2. Architectural Style

  • Chosen style: Layered monorepo with vertical search slices.
  • Why this fits:
    • The repo already has a clean split between integration code (packages/brave-search), server orchestration (apps/brave-search-mcp/src), and host UIs (apps/brave-search-mcp/ui).
    • Each search capability is a vertical slice with its own schema, API call, result formatting, and optional UI.
    • Cross-cutting infrastructure such as transports, server registration, logging, and UI resource loading stays centralized.
  • Required layering:
    • Layer 1: Brave API wrapper in packages/brave-search.
    • Layer 2: MCP server orchestration and tool registration in apps/brave-search-mcp/src.
    • Layer 3: Tool slices in apps/brave-search-mcp/src/tools.
    • Layer 4: Optional host UI widgets in apps/brave-search-mcp/ui.
  • Trade-off:
    • This favors clarity and host portability over aggressive abstraction. Some search tools will look similar by design.

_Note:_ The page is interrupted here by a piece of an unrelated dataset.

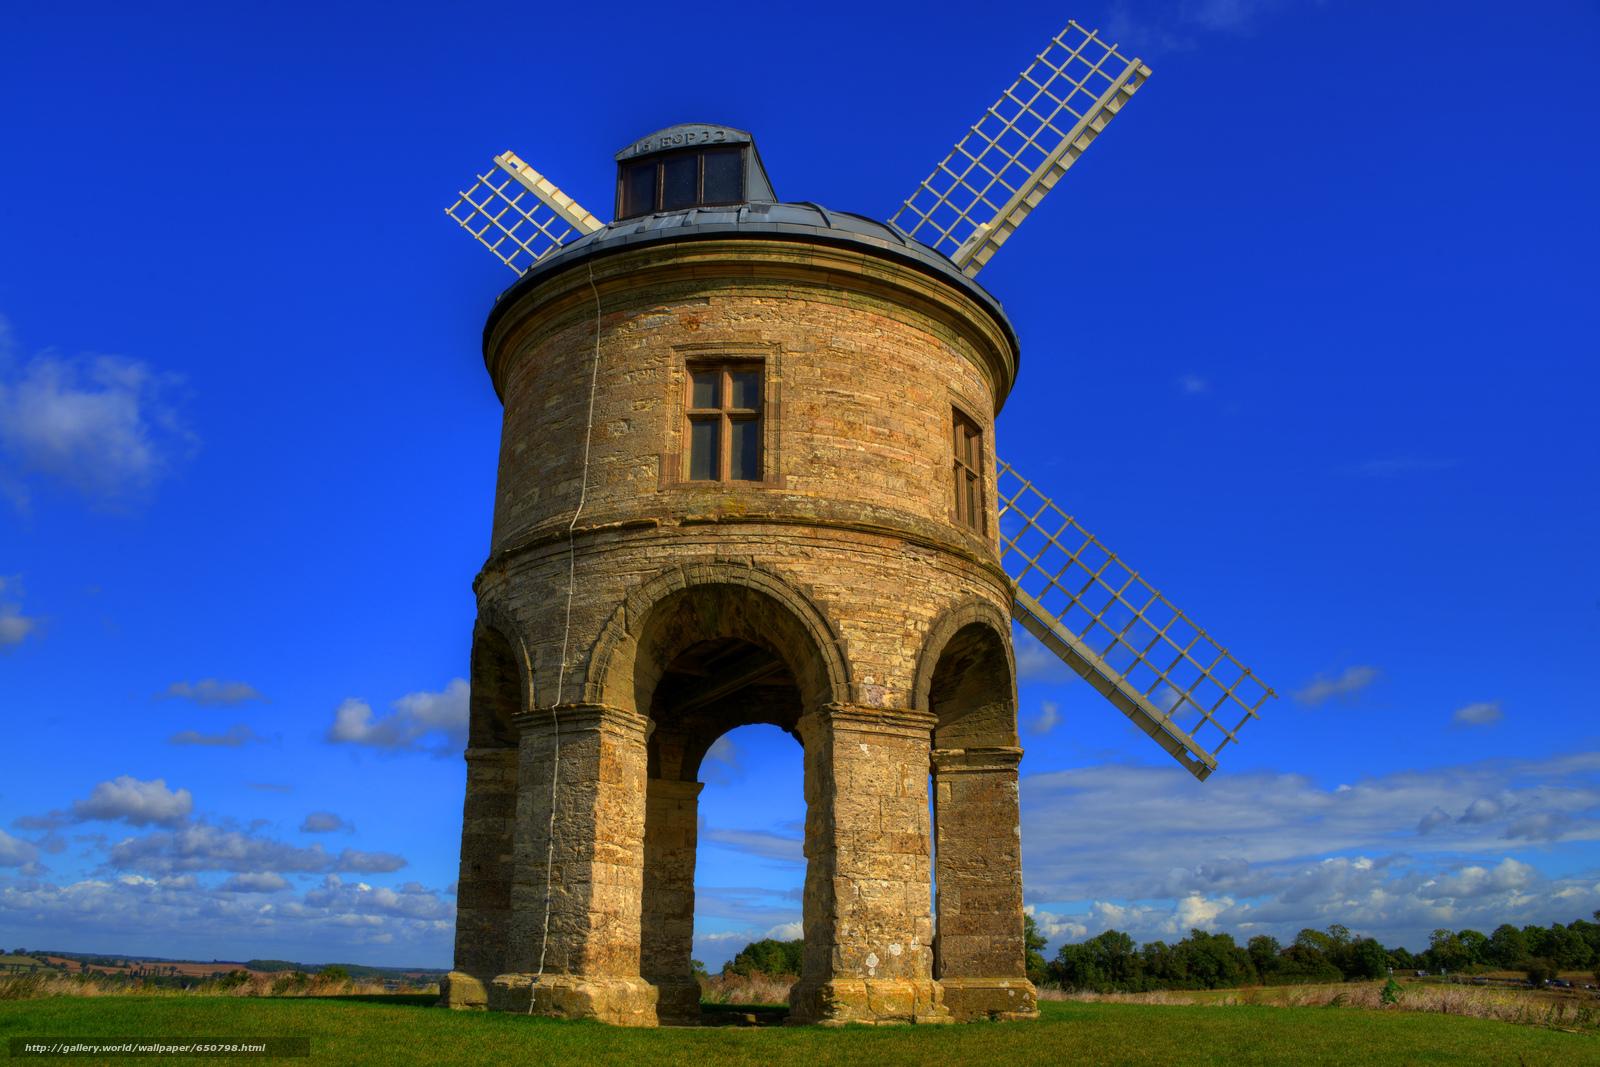 scaricare gli sfondi Chesterton Windmill,  Warwickshire,  Regno Unito,  Chesterton Windmill Sfondi gratis per la risoluzione del desktop 7358x4909 — immagine №650798

3. Domain Model and Modules

  • Brave Search SDK:
    • Owns all HTTP calls to Brave endpoints.
    • Owns Brave request formatting, polling behavior, response typing, and API error shaping.
    • Owns the package-root export surface via packages/brave-search/src/index.ts.
    • Compiles as an internal ESM workspace package with dist/index.js and dist/index.d.ts as the supported runtime/type entrypoints.
    • Must not import app/server code.
  • MCP Server Bootstrap:
    • Owns process startup, env validation, runtime mode selection, and transport startup.
    • Files: src/index.ts, src/server-utils.ts.
  • MCP Server Composition:
    • Owns McpServer creation, tool instantiation, dependency injection, and registration mode selection.
    • File: src/server.ts.
  • Tool Slices:
    • One class per user-facing tool.
    • Own input schema, execution path, structured-content contract, and user-visible tool description.
    • Files: src/tools/Brave*Tool.ts.
  • Tool Catalog and Names:
    • Own the canonical tool-name list, manifest tool metadata, and the small shared type surface for tool keys and widget variants.
    • Keep one readable TypeScript source of truth for both runtime data and TypeScript types.
    • File: src/tool-catalog.ts.
  • Tool Shared Helpers:
    • Own shared result builders, error wrappers, schema helpers, and local fallback contract types.
    • File: src/tools/tool-helpers.ts.
  • UI Resource Registration:
    • Owns mapping from tool slices to UI resource URIs, CSP, and host-specific metadata.
    • Files: src/server-ui.ts, src/ui-resources.ts.
  • Widget Runtime:
    • Owns client-side rendering, host bridge integration, pagination UX, and context-selection UX.
    • Files: ui/src/lib/**, ui/src/hooks/**.
    • Delivery rule: each widget entrypoint must compile to a single self-contained HTML file with its JS and CSS bundled/inlined.

4. Directory Layout

  • /apps/brave-search-mcp
    • Deployable MCP server package.
  • /apps/brave-search-mcp/src
    • Server bootstrap, transport wiring, tool classes, and UI resource registration only.
  • /apps/brave-search-mcp/src/tool-catalog.ts
    • Canonical tool metadata and types used by server code, tests, and manifest validation.
  • /apps/brave-search-mcp/src/tools
    • Vertical search slices only. New search behavior must start here.
  • /apps/brave-search-mcp/ui
    • Build-time widget source only. No server bootstrap logic here.
  • /apps/brave-search-mcp/test
    • Unit, integration, and eval coverage for the app package.
  • /packages/brave-search/src
    • Shared Brave Search SDK, package-root export surface, and typed models.
  • /scripts
    • Repo-level maintenance automation only.
  • Rules:
    • Brave HTTP integration code must live only in packages/brave-search.
    • App and test code must import the SDK from brave-search, never from packages/brave-search/dist/*.
    • MCP registration and transport code must live only in apps/brave-search-mcp/src.
    • Server, tool, and test code should import from apps/brave-search-mcp/src/tool-catalog.ts; UI code should reach the same module through the configured @tool-catalog alias.
    • UI host bridge code must live only in apps/brave-search-mcp/ui/src/hooks.
    • Tool classes may format tool outputs, but they must not read widget bundles directly.
    • Widget entrypoints must remain single-file HTML outputs suitable for iframe embedding.
    • dist/ is generated output and never hand-edited.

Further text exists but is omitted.